▸ EXERCISE BRIEF
Using the listing below, print the line containing "2019겨울캠프 안내문 및 신청서001.png", the line containing "Brave Strom (20", and each line between them, exactly and nothing else. Pictures stay out of the print.

▸ ENTRIES SUPPLIED
────────────────────────────────────────

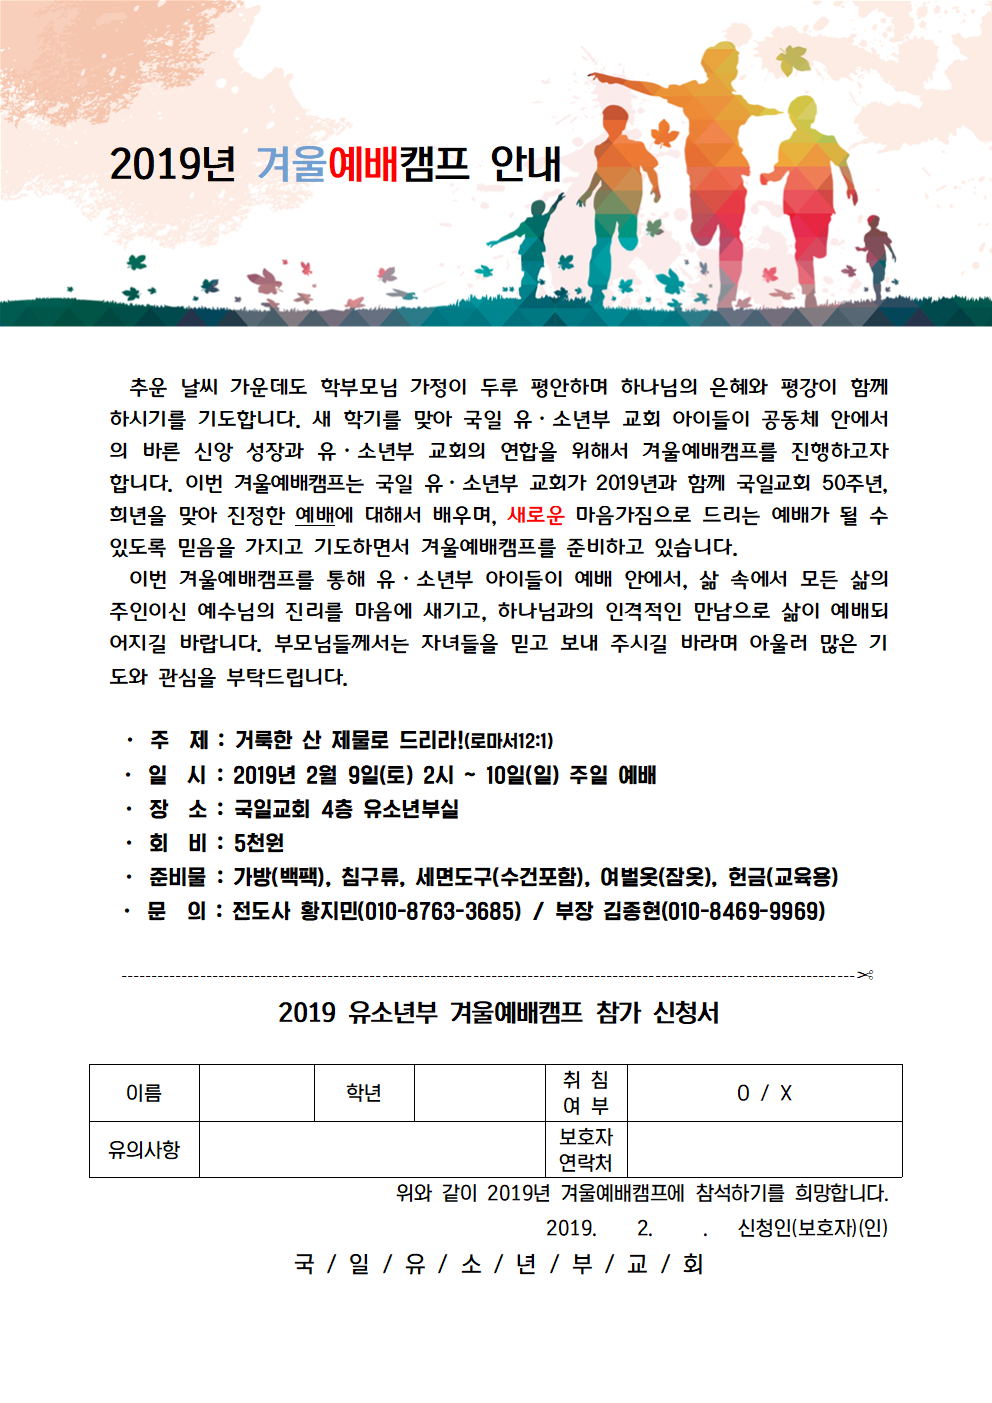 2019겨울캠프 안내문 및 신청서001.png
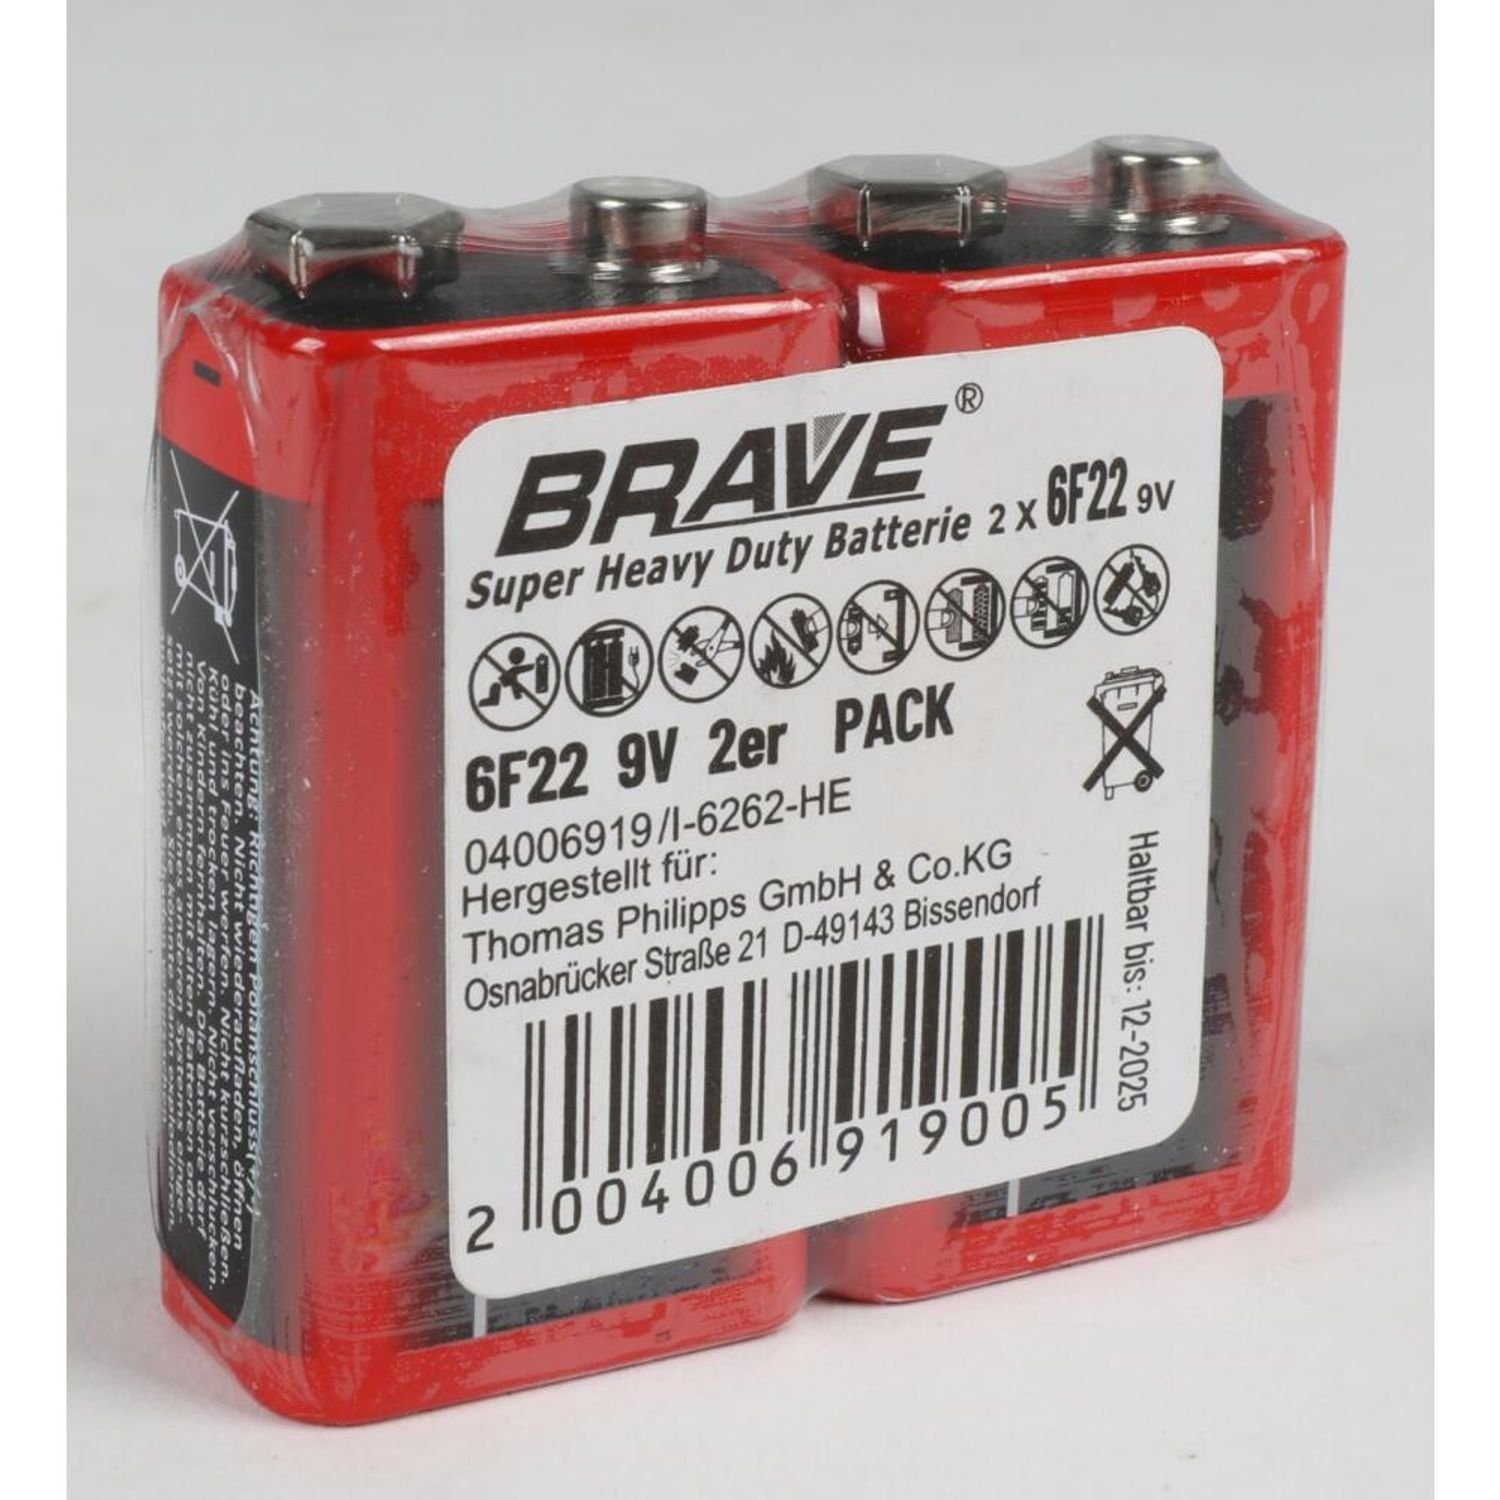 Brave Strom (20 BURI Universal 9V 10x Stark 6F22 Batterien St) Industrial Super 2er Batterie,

────────────────────────────────────────

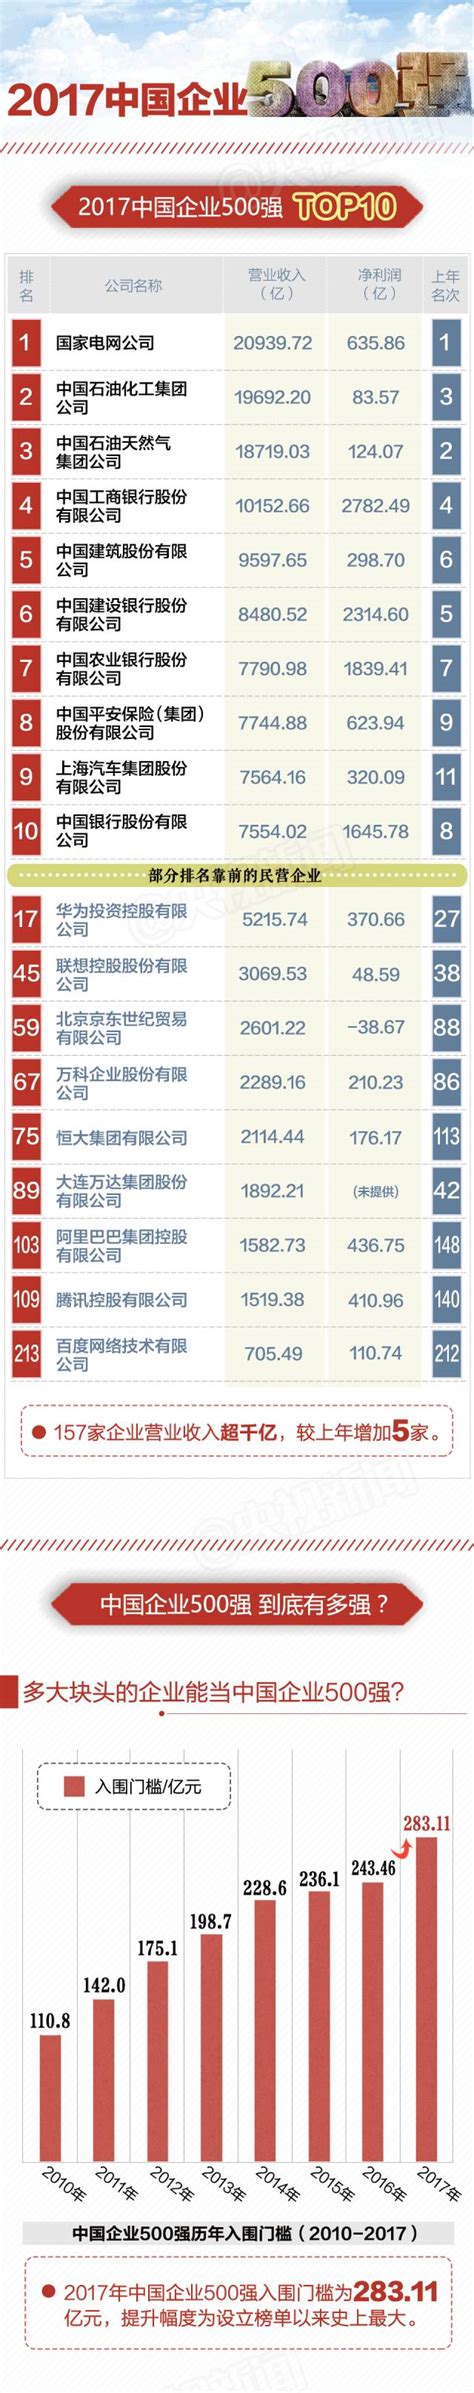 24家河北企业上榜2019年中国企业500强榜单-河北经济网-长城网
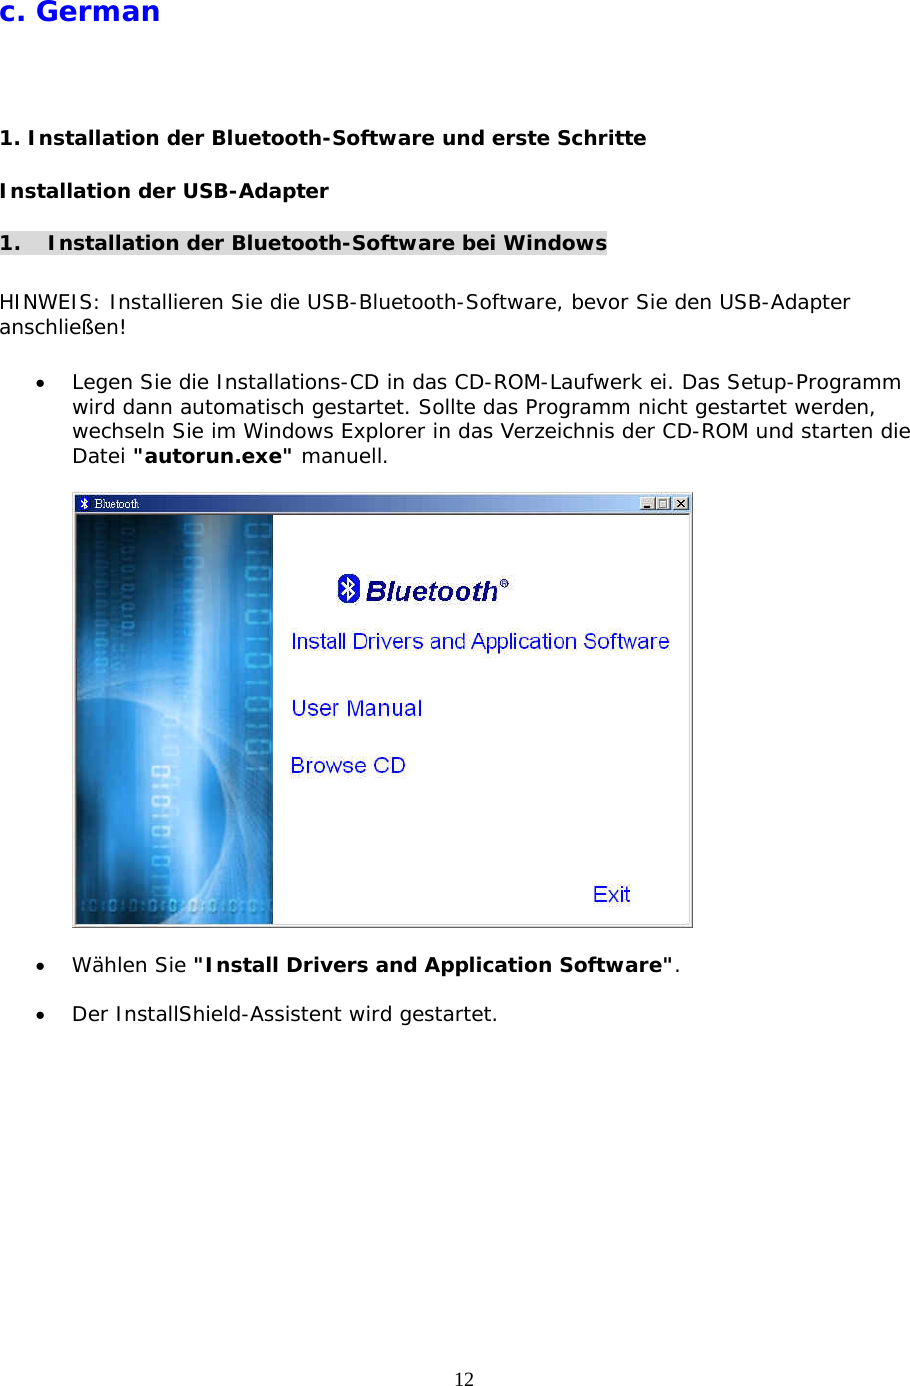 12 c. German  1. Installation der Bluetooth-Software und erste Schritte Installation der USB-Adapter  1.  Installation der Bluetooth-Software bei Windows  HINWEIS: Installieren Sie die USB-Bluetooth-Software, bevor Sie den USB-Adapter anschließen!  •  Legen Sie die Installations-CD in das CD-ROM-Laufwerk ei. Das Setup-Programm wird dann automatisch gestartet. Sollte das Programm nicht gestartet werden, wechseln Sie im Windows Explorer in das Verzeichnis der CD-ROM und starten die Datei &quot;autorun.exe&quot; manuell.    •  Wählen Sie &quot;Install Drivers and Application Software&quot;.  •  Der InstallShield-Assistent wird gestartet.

────────────────────────────────────────

▸ RESULT OF THIS EXERCISE
 2019겨울캠프 안내문 및 신청서001.png
 Brave Strom (20 BURI Universal 9V 10x Stark 6F22 Batterien St) Industrial Super 2er Batterie,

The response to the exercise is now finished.